Libraries - Dynamically linked programs must access the appropriate shared libraries at compile time. Shared libraries to the target system need to be added to the cross-compile toolchain so programs can link against them.
Testing - On native builds, the development system provides a convenient testing environment. When cross-compiling, confirming that "hello world" built successfully can require configuring (at least) a bootloader, kernel, root file system, and shared libraries.

Footnote 1: The most prominent difference between types of computers is what processor is executing the programs, but other differences include library ABIs (such as glibc vs uClibc), machines with configurable endianness (arm vs armeb), or different modes of machines that can run both 32 bit and 64 bit code (such as x86 on x86-64).

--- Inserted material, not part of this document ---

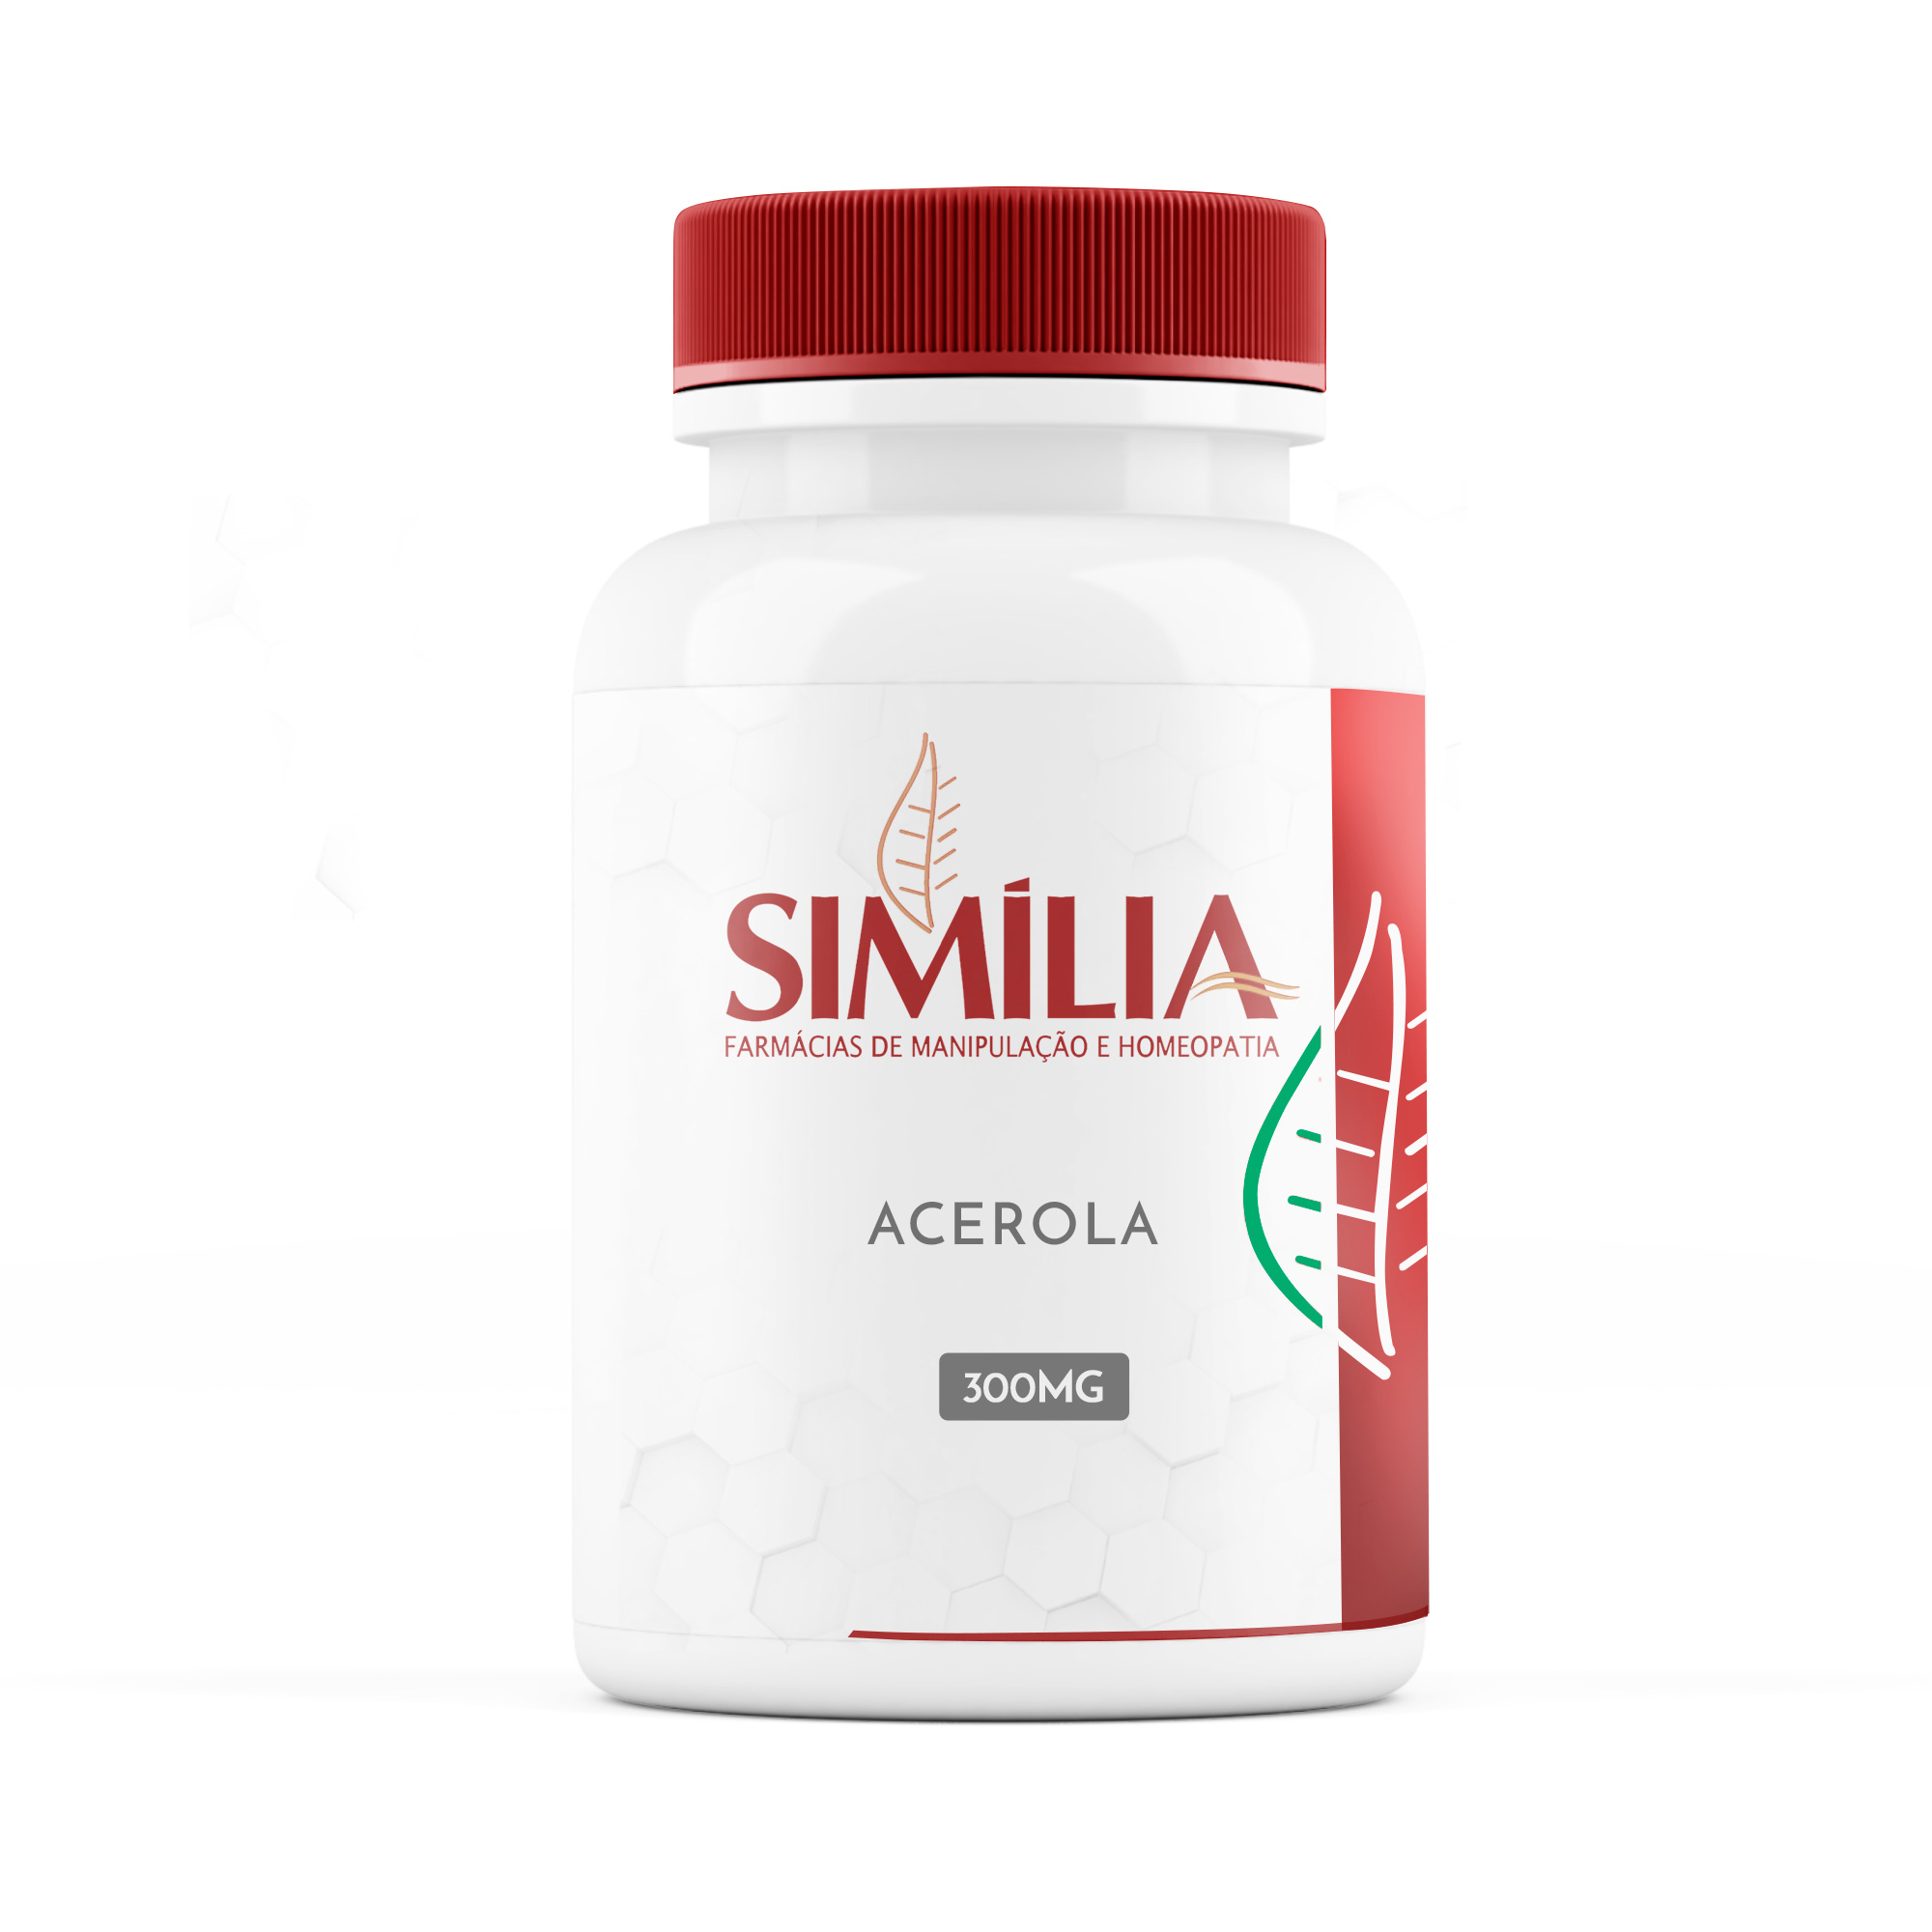 Acerola 300mg - Extrato Seco Padronizado - 25% Ácido ascórbico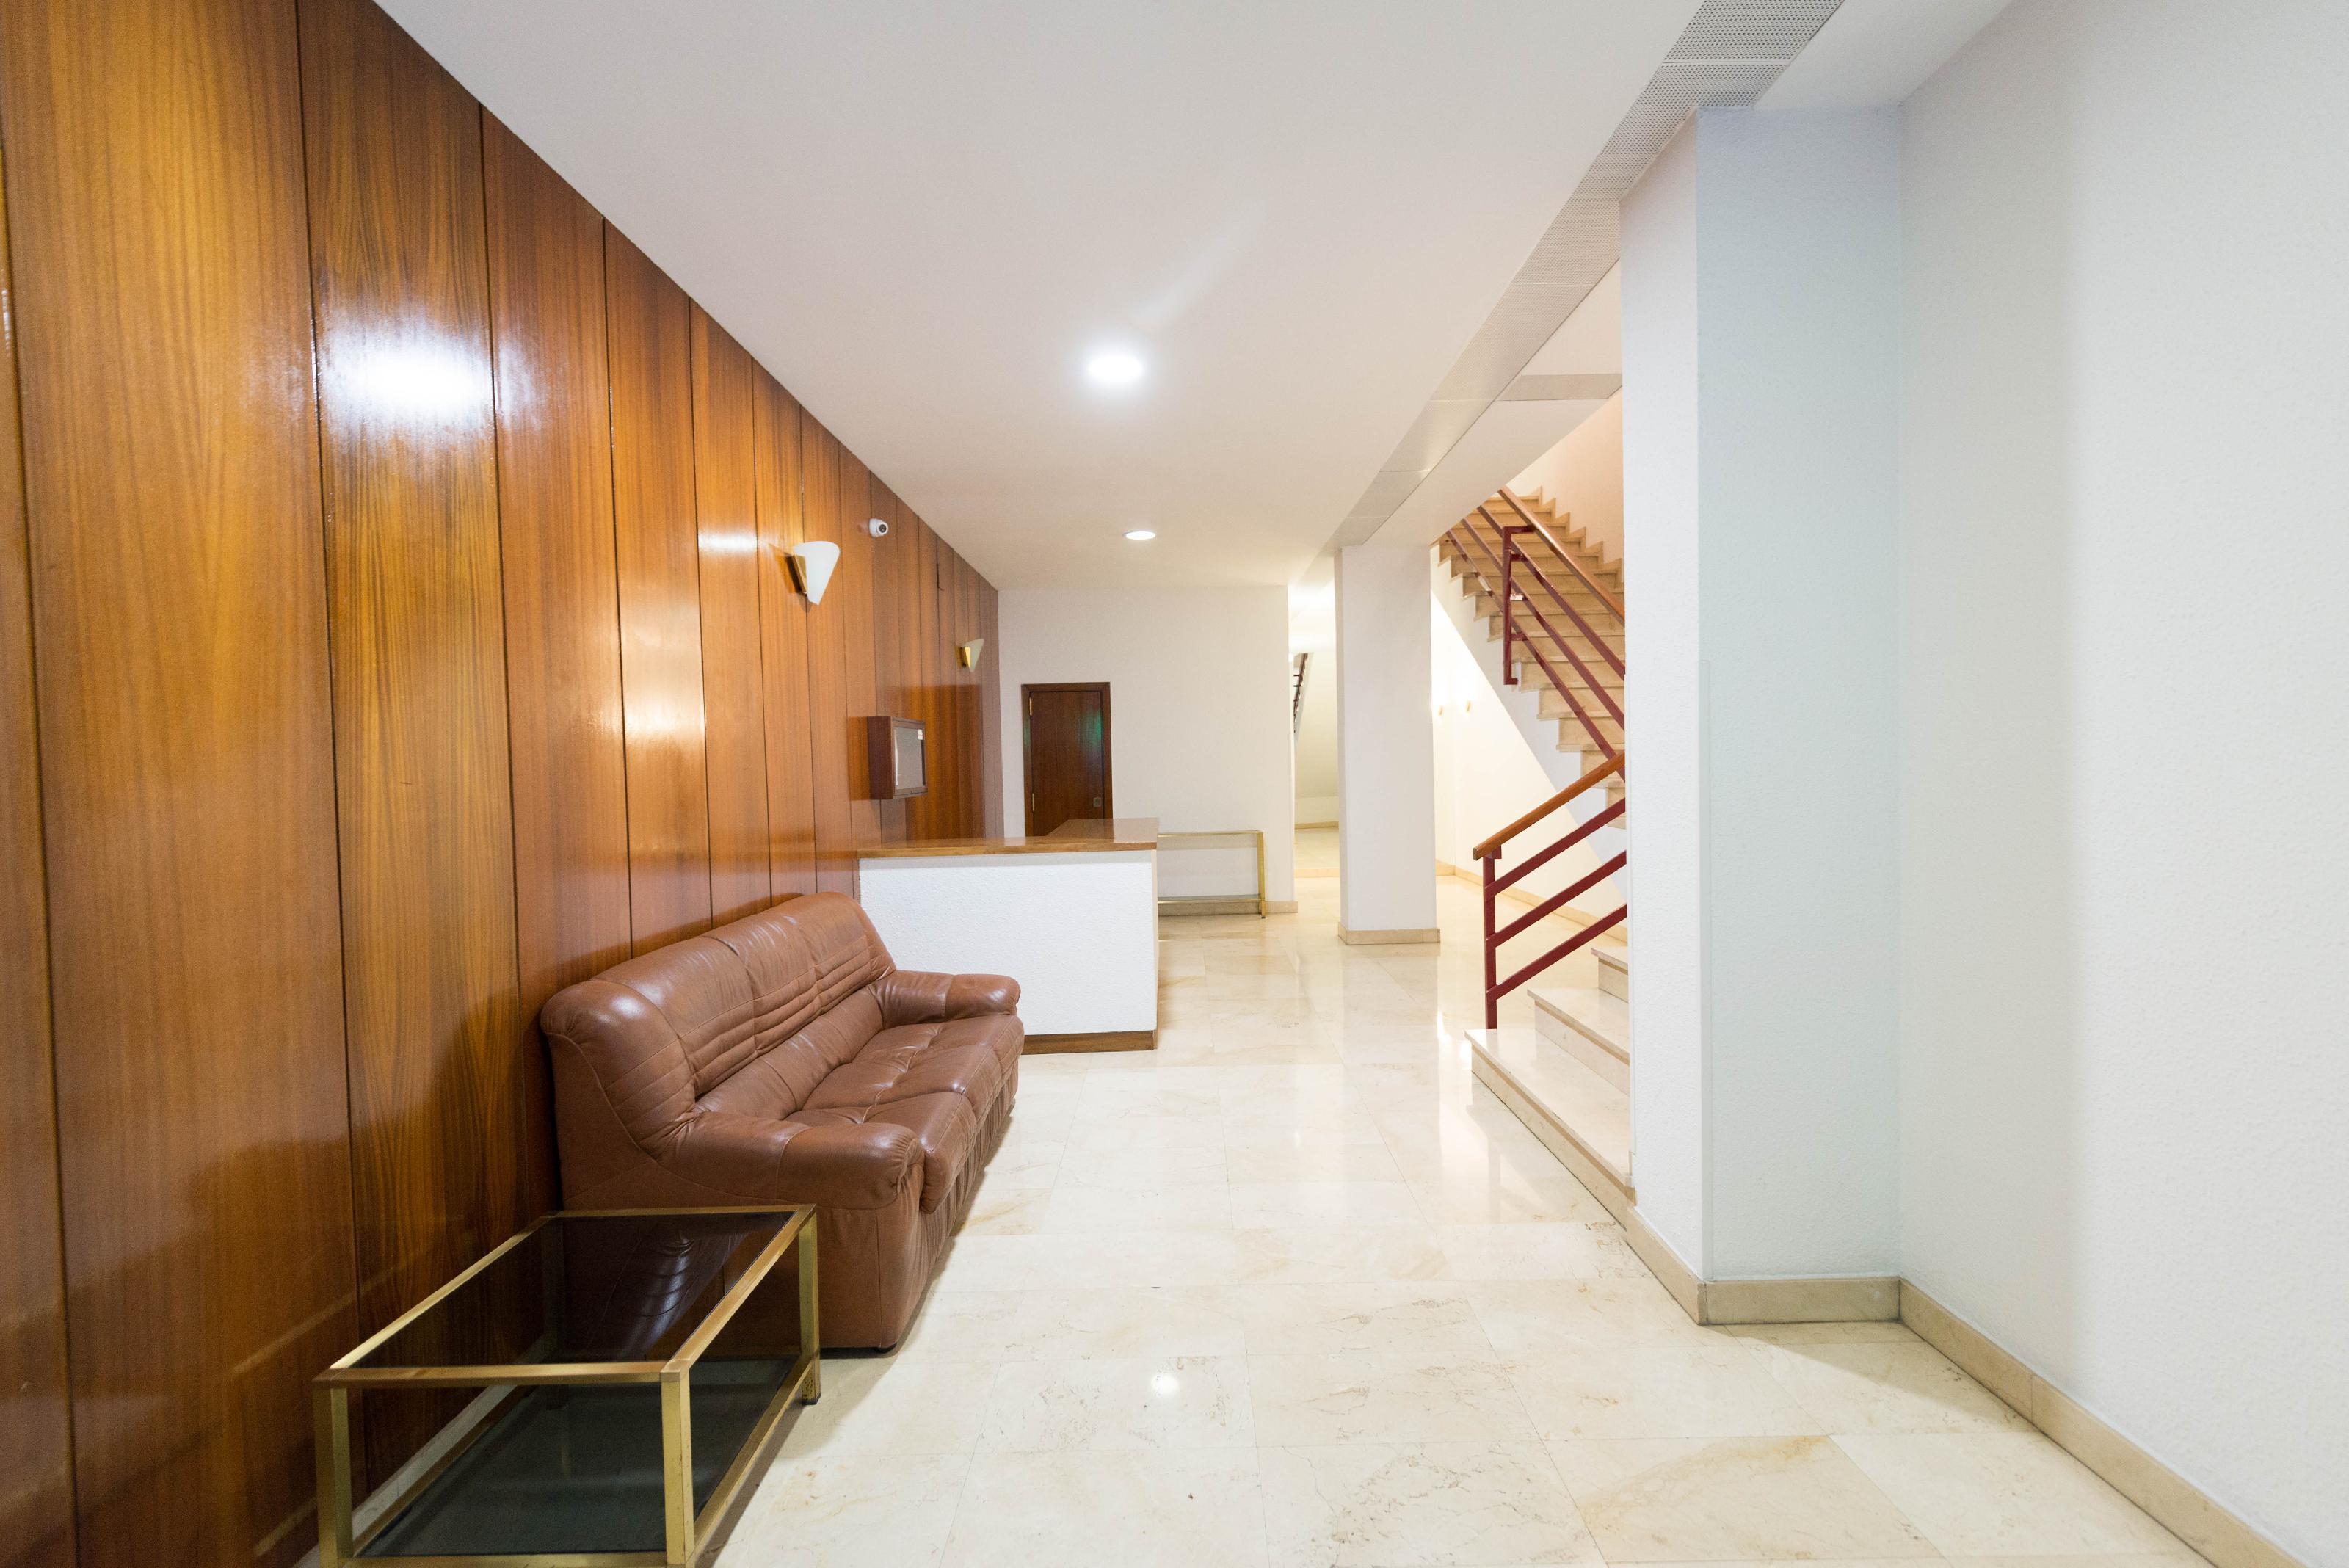 242980 Flat for sale in Eixample, Sagrada Familia 21

Footnote 2: When building compilers, there's a third type called a "canadian cross", which is a cross compiler that doesn't run on your host system. A canadian cross builds a compiler that runs on one target platform and produces code for another target machine. Such a foreign compiler can be built by first creating a temporary cross compiler from the host to the first target, and then using that to build another cross-compiler for the second target. The first cross-compiler's target becomes the host the new compiler runs on, and the second target is the platform the new compiler generates output for. This technique is often used to cross-compile a new native compiler for a target platform.

Footnote 3: Modern desktop systems are sufficiently fast that emulating a target and natively compiling under the emulator is actually a viable strategy. It's significantly slower than cross compiling, requires finding or generating a native build environment for the target (often meaning you have to set up a cross-compiler anyway), and can be tripped up by differences between the emulator and the real hardware to deploy on. But it's an option.

Footnote 4: This is why cross-compile toolchains tend to prefix the names of their utilities, ala "armv5l-linux-gcc". If that was simply called "gcc" then the host and native compiler couldn't be in the $PATH at the same time.